The distinctive feature of PDF/A format is its universality. Although PDFs are well entrenched as the de facto standard for digital documents, there are many different ways of assembling a PDF. This results in different viewing experiences and sometimes makes it impossible for certain PDF readers to even open or render a file. Because PDF/A documents need to be accessible in the indeterminate future, there are strict requirements in place to ensure that they will always be readable.

PDF vs PDF/A

While PDF and PDF/A are based upon the same underlying framework, the key difference has to do with the information used to render the document. A standard PDF has many different elements that make up its intended visual appearance. This includes text, images, and other embedded elements. Depending upon the application and method used to create the file, the information needed to render those elements may be more or less accessible for a viewing application.

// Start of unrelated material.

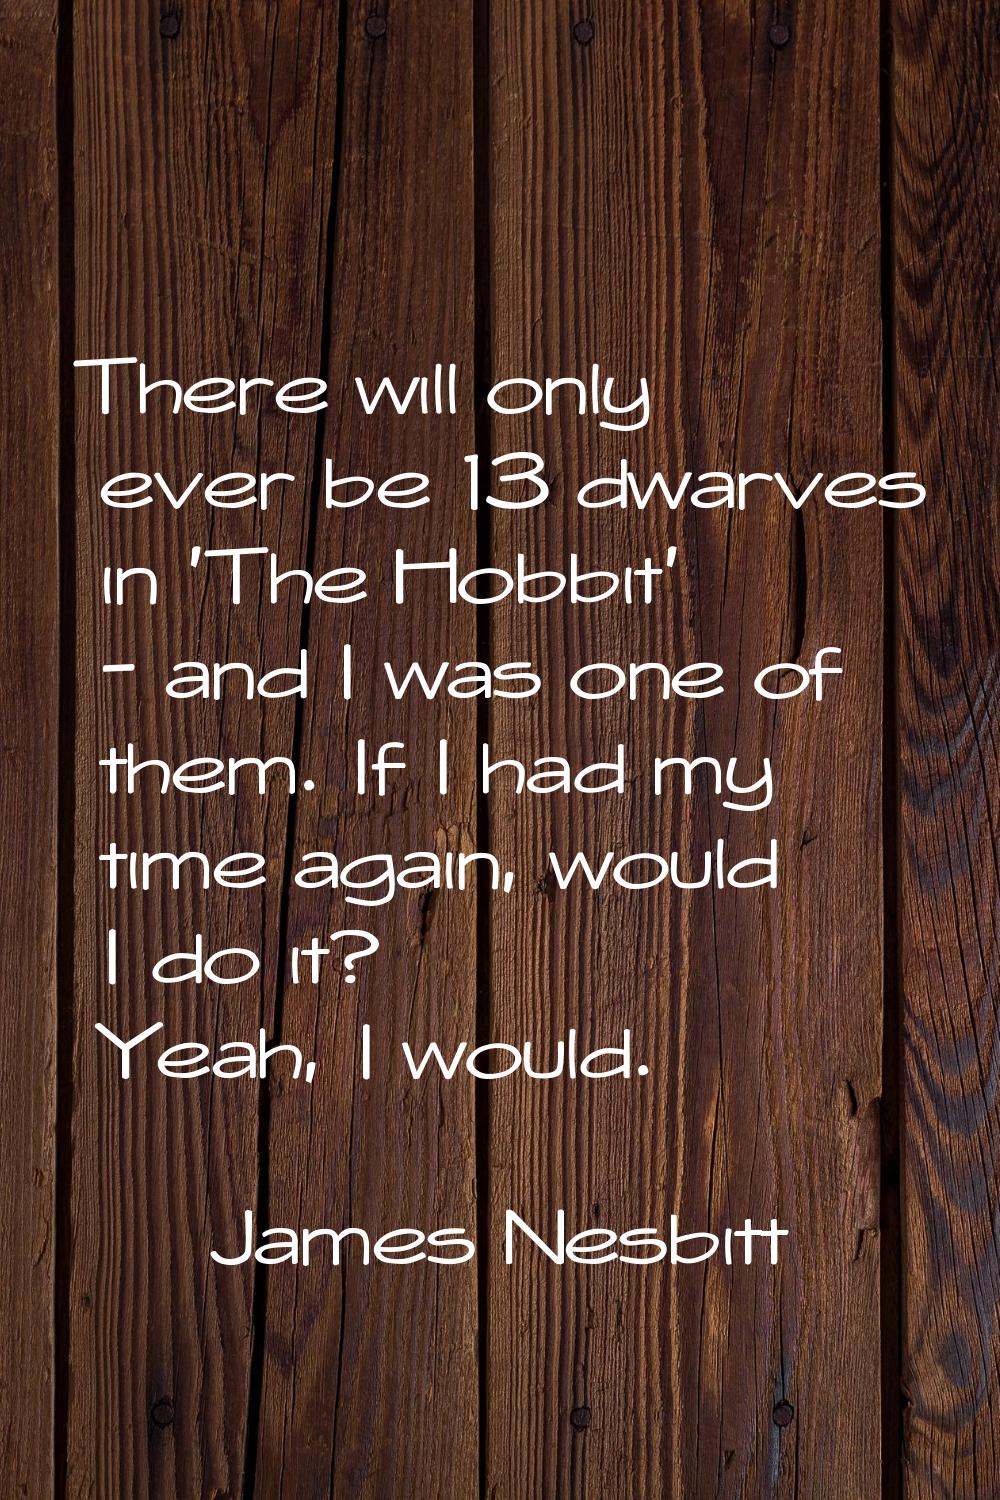 There will only ever be 13 dwarves in 'The Hobbit' - and I was one of them. If I had my time again,

When a PDF viewer cannot access the necessary data to render elements correctly, the document may not display correctly. Common problems include switched fonts (because the original font information isn’t available), missing images, and misplaced layers.

A PDF/A file is designed to avoid this problem by including everything necessary to display the document accurately. Fonts and images are embedded into the file so that they will be available to any viewer on any device. In effect, a PDF/A doesn’t rely on any external dependencies and leaves nothing to chance when it comes to rendering. The document will look exactly the same no matter what computer or viewing application is used to open it. This level of accuracy and authenticity are important when it comes to archival storage, which is why more organizations are turning to PDF/A when it comes to long-term file preservation.

How to Convert PDF to PDF/A

ImageGear supports a broad range of PDF functionality, which includes converting PDF format to a compliant PDF/A format. It can also evaluate the contents of a PDF file to verify whether or not it was created in compliance with the established standards for PDF/A format. This is an important feature because it will impact what method is used to ultimately convert a PDF file into a PDF/A file.

Verifying PDF/A Compliance

By analyzing the PDF preflight profile, ImageGear can detect elements of the file to produce a verifier report. The report is generated using the ImGearPDFPreflight.VerifyCompliance method. 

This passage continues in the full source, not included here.